Микуччо смутился и немного помолчал.
— Я не… нет, я не двоюродный брат, по правде сказать… Я… я Микуччо Бонавино; она знает. Я нарочно приехал из деревни.
При этом ответе слуга счел правильным не титуловать юношу «ваша милость» и просто обращаться на «вы»; он провел Микуччо в темную комнатку около кухни, где кто-то ужасающе храпел, и сказал:
— Садитесь. Я сейчас принесу лампу.
Микуччо сначала посмотрел в ту сторону, откуда доносился храп, но ничего не мог разобрать; потом стал смотреть в кухню, где повар вместе со своим помощником готовил ужин. Смешанный запах варившихся кушаний охватил его — Микуччо слегка опьянел и почувствовал головокружение. Он почти ничего не ел с утра, а приехал из Мессины: целые сутки по железной дороге.
Слуга принес лампу, и тот, кто храпел за занавеской, перегораживавшей комнату от одной стены до другой, пробормотал сквозь сон:
— Кто здесь?
— Эй, Дорина, вставай, — позвал слуга. — Ты же видишь, что здесь синьор Бонвичино.
— Бонавино, — поправил Микуччо, дуя себе на пальцы.
— Бонавино, Бонавино, знакомый синьоры. Ты здорово спишь. Я должен накрывать и не могу делать все сразу, понимаешь? Разве управишься следить за поваром, который ничего не умеет, и за всеми, кто приходит!
Слышно было, как кто-то потягивается, протяжно и звонко зевая, затем в ответ на протест слуги раздалось чиханье, словно от внезапно пробежавшего холодка, и слуга ушел, воскликнув:
— Ну ладно!
Микуччо улыбнулся и проводил его взглядом, пока тот шел через полутемную комнату вплоть до ярко освещенного зала в глубине, где стоял великолепный стол; Микуччо изумленно залюбовался этим столом, пока храп снова не заставил его обернуться и посмотреть на занавеску.
Слуга, с салфеткой под мышкой, приходил и уходил, ворча то на Дорину, продолжавшую спать, то на повара, должно быть нового, приглашенного специально на этот вечер и надоедавшего ему постоянными вопросами.

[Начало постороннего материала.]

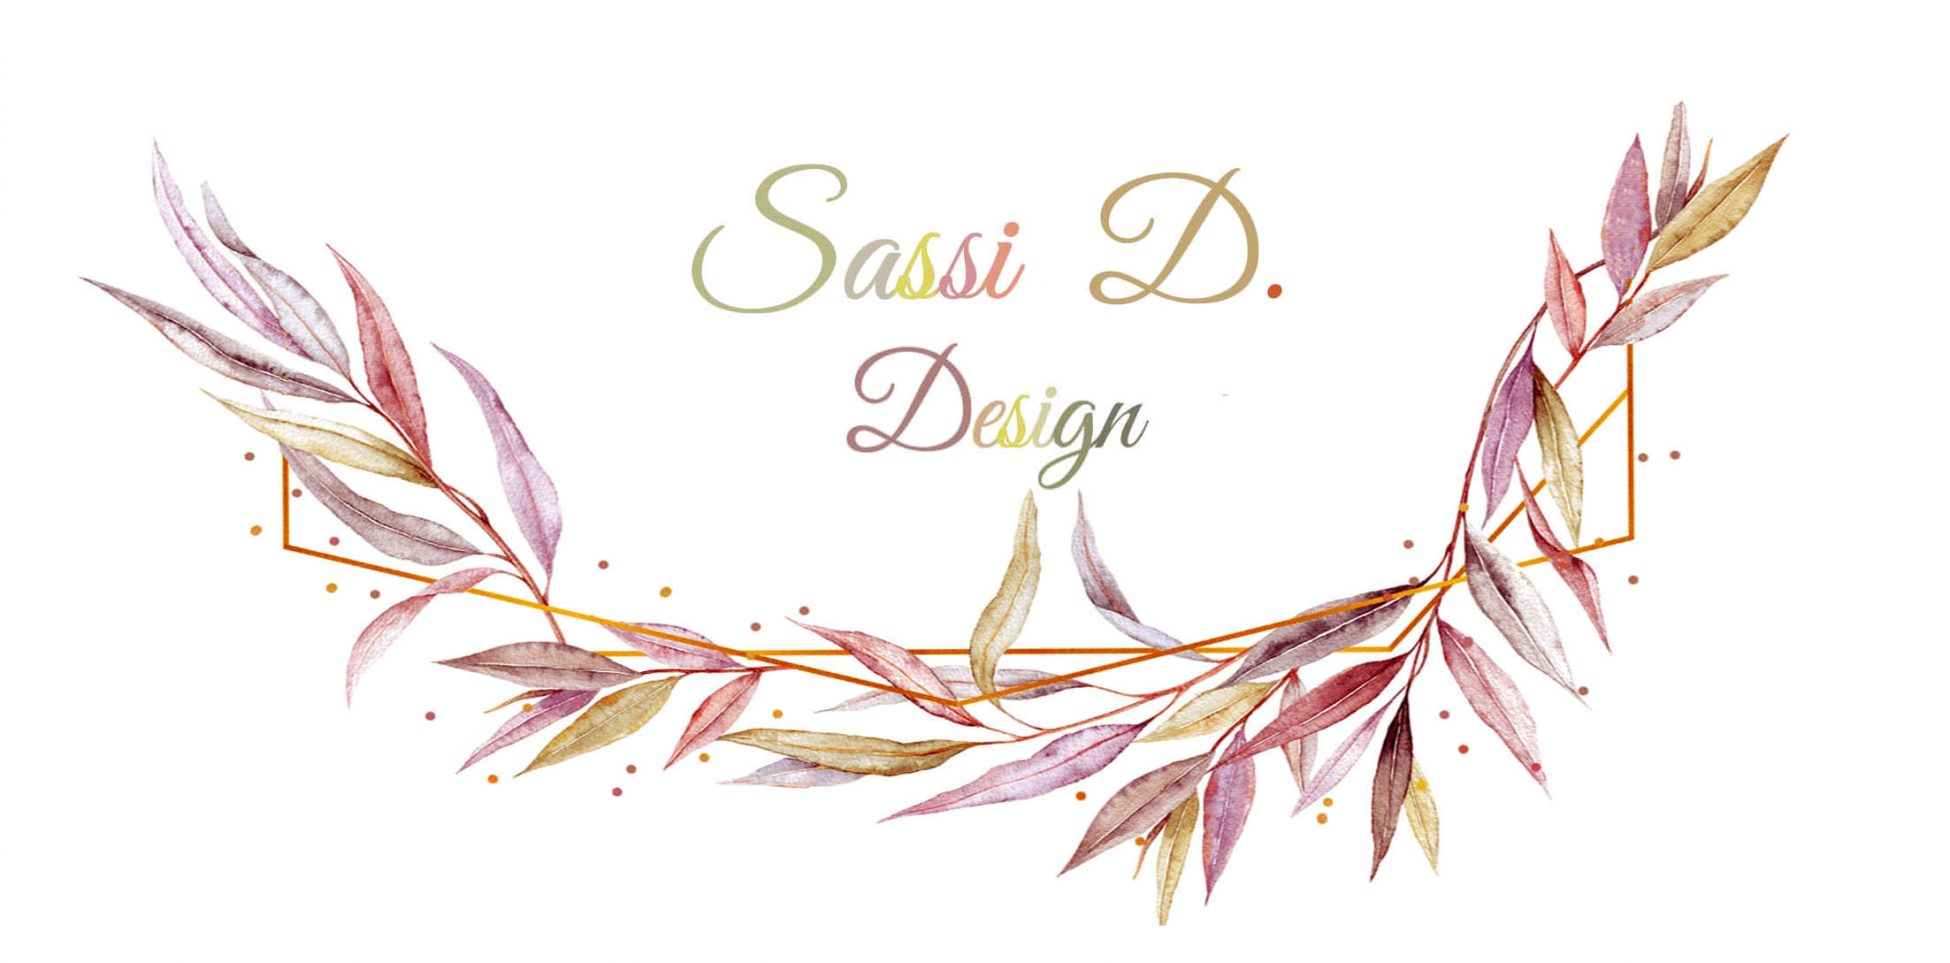 Sassi D. Design
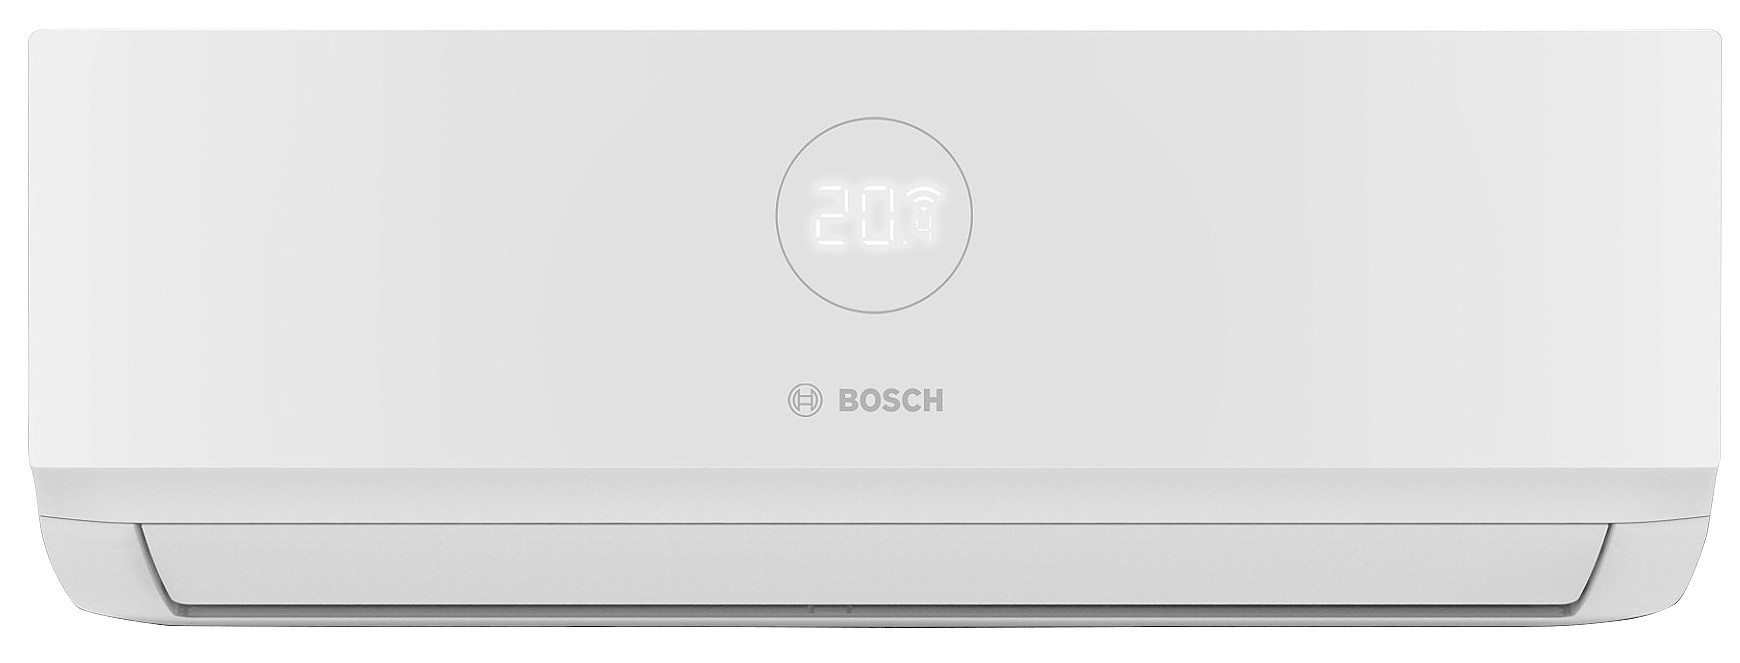 Отзывы внутренний блок мультисплит-системы Bosch CL3000iU W 26E 2,6 кВт в Украине

Микуччо, чтобы не раздражать слугу, решил не спрашивать его ни о чем, что приходило в голову. А может быть, все же надо было сказать или дать понять, что он жених Терезины, но ему почему-то не хотелось говорить об этом; может быть, он боялся, что тогда слуге придется относиться к нему, Микуччо, как к хозяину, а одна мысль об этом уже смущала его, потому что этот слуга был так развязен и элегантен даже без фрака. Но все же как-то раз, когда тот проходил мимо, Микуччо не удержался и спросил:
— Простите…, а чей это дом?
— Наш, пока мы здесь живем, — торопливо ответил слуга.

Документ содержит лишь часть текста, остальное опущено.